Task description →
Copy the listing exactly as given. Omit every picture.
[[ Given data open ]]
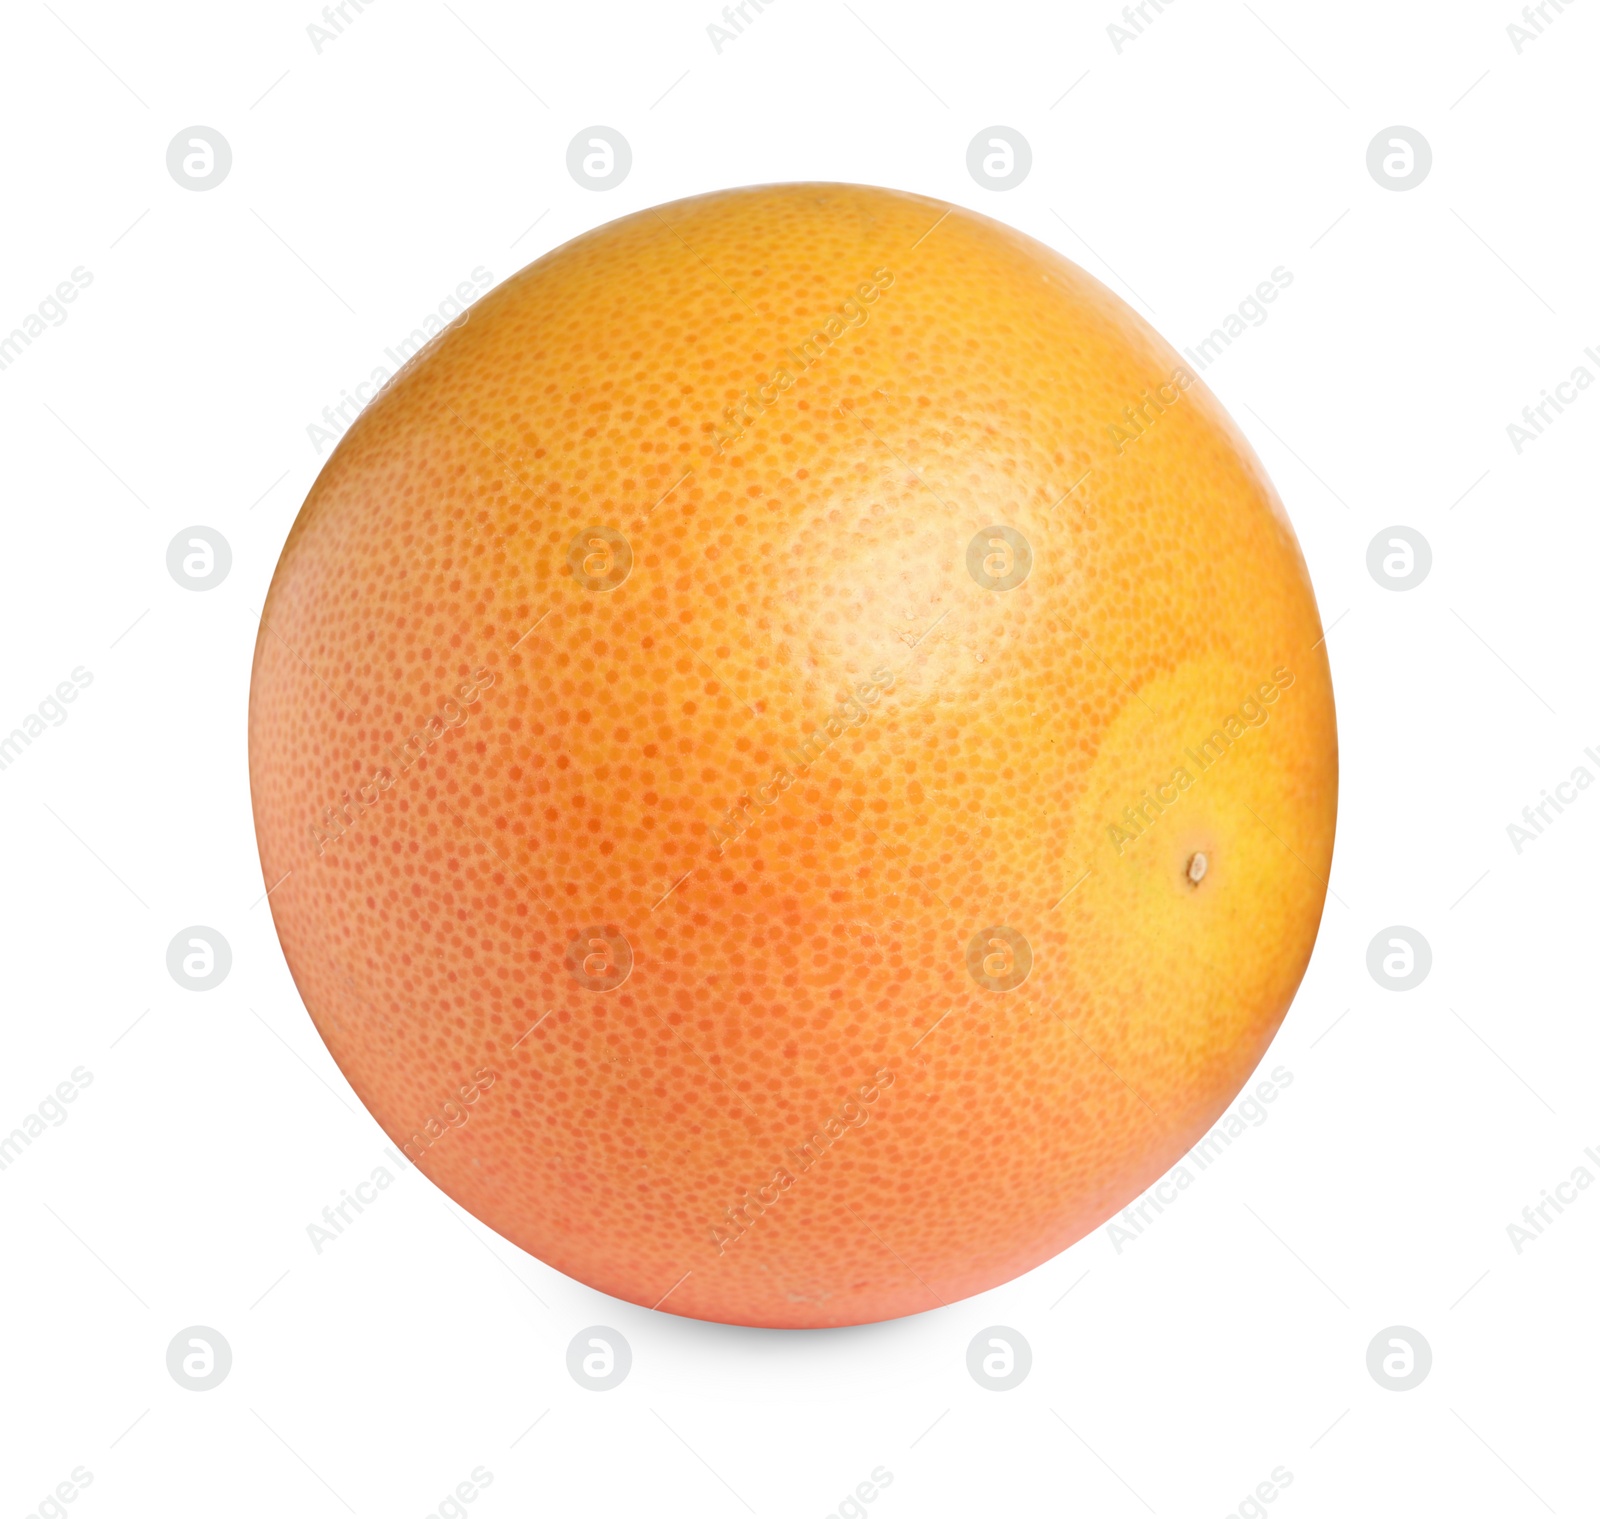 Photo of Citrus fruit. Whole fresh grapefruit isolated on white
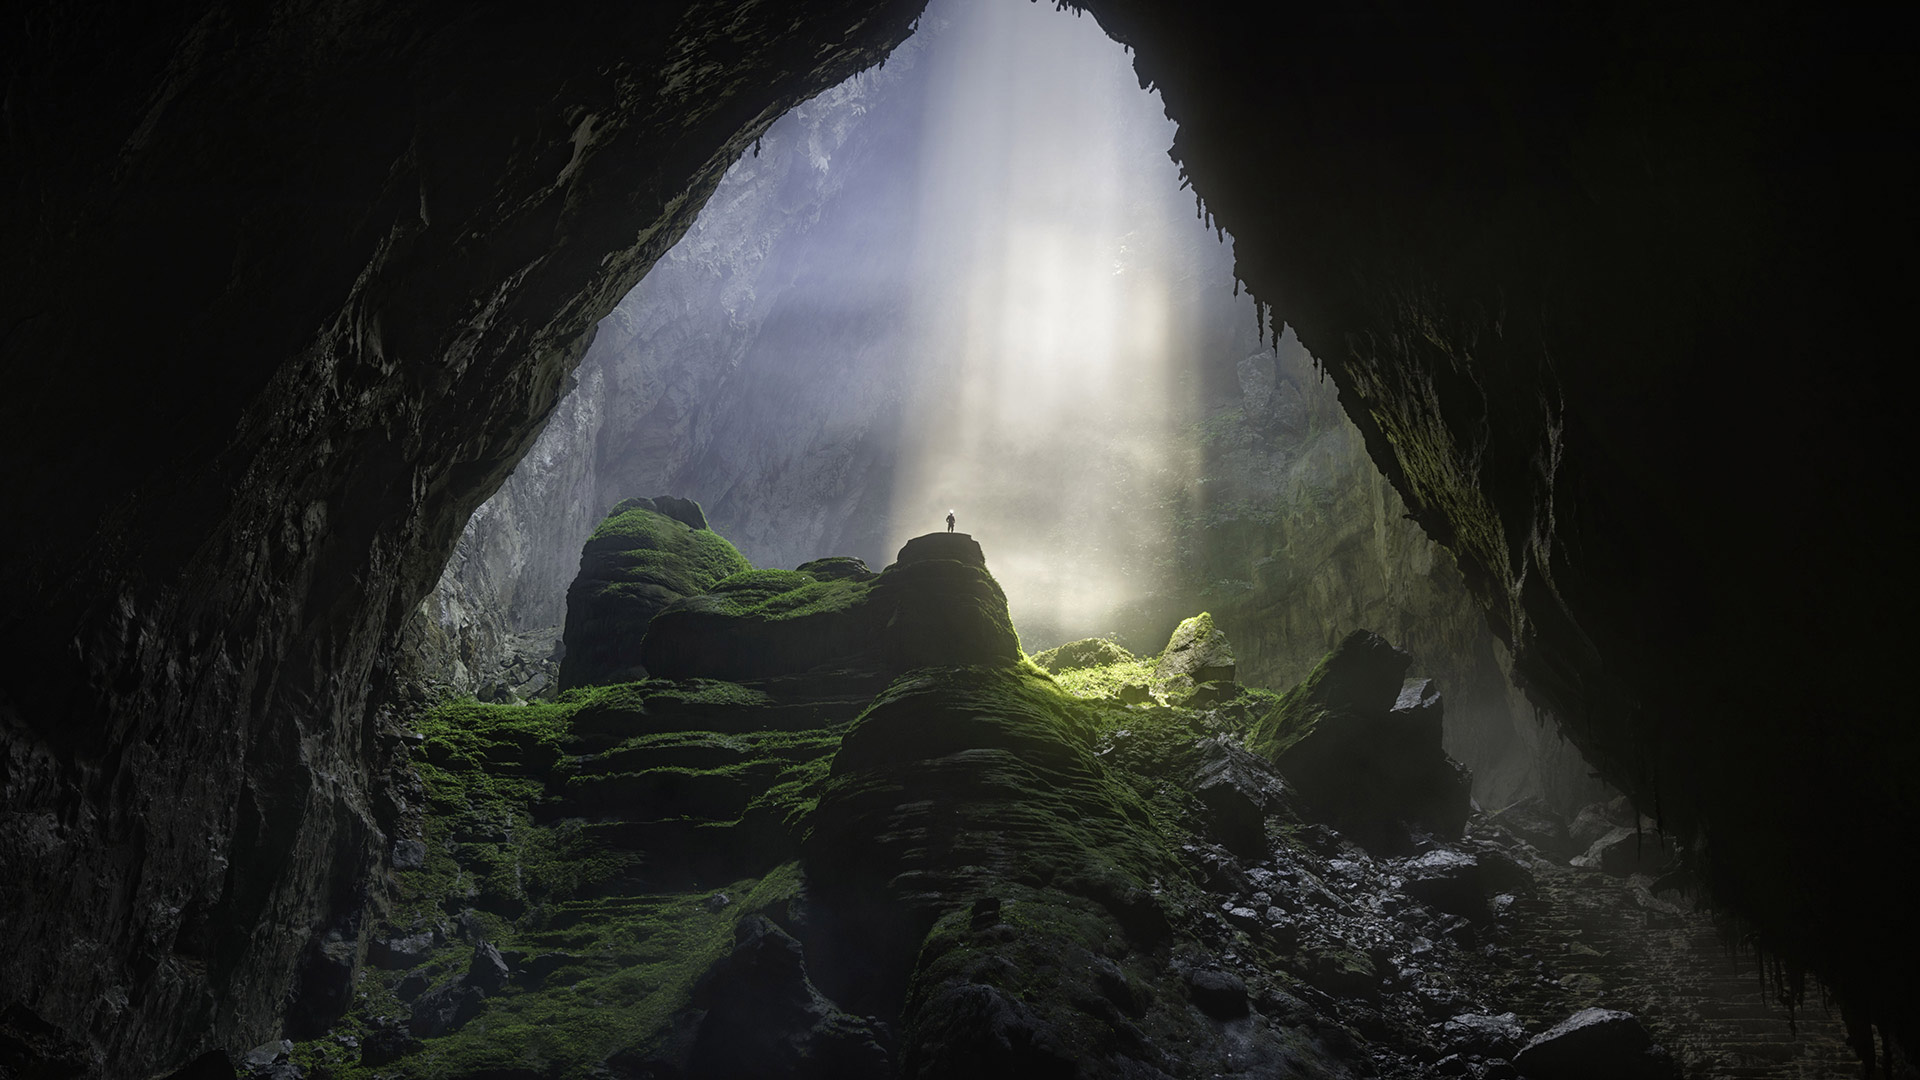 Sơn Đoòng cave in Phong Nha-Kẻ Bàng National Park, Vietnam - David A Knight/Shutterstock)
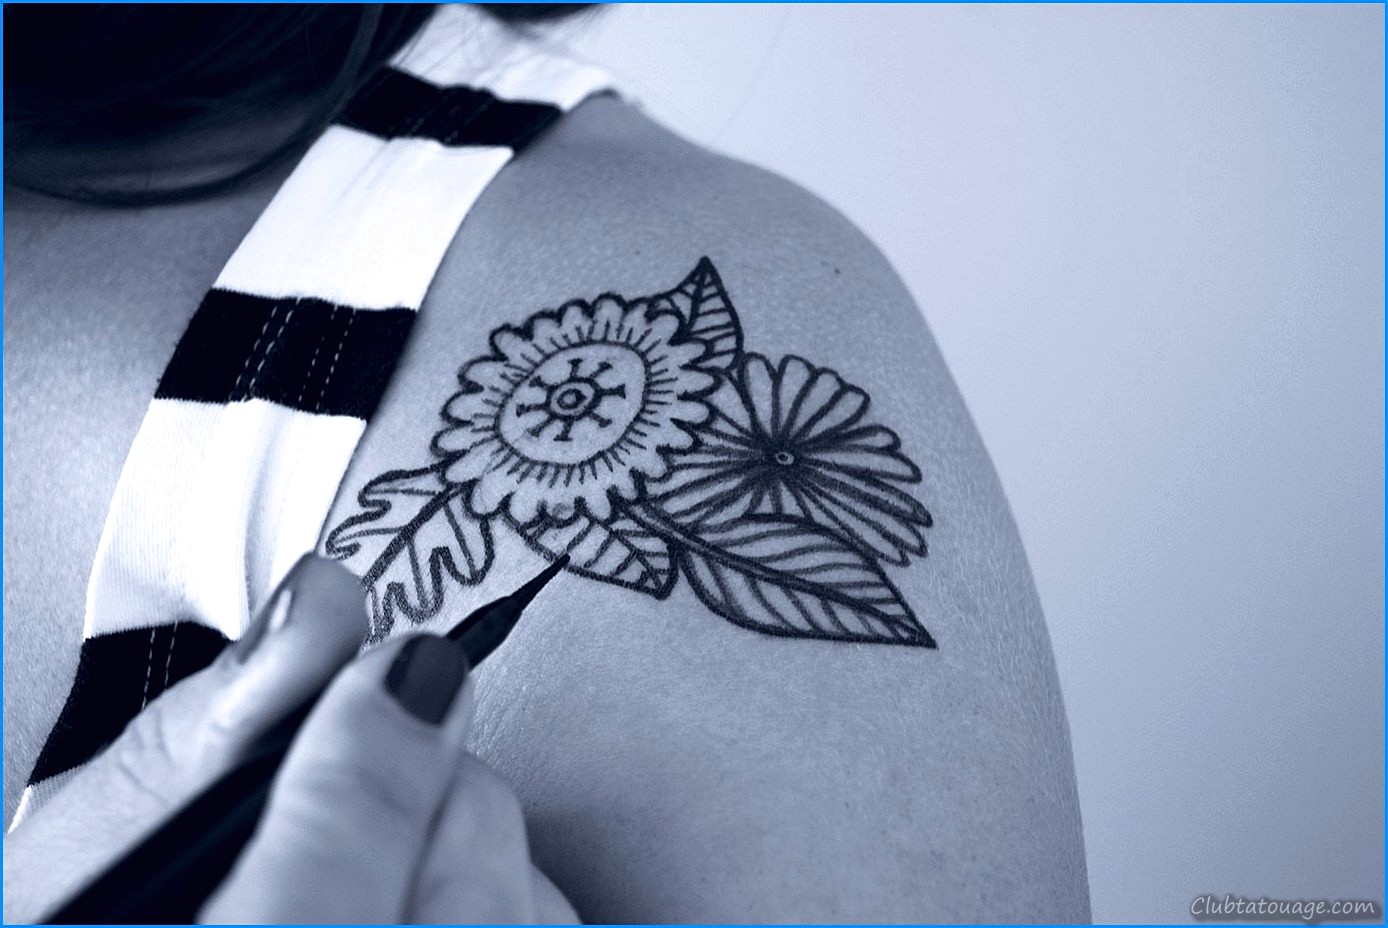 Comment faire des tatouages éphémères
[[ Given data closed ]]
Response to this task →
 Photo of Citrus fruit. Whole fresh grapefruit isolated on white
 Sơn Đoòng cave in Phong Nha-Kẻ Bàng National Park, Vietnam - David A Knight/Shutterstock)
 Comment faire des tatouages éphémères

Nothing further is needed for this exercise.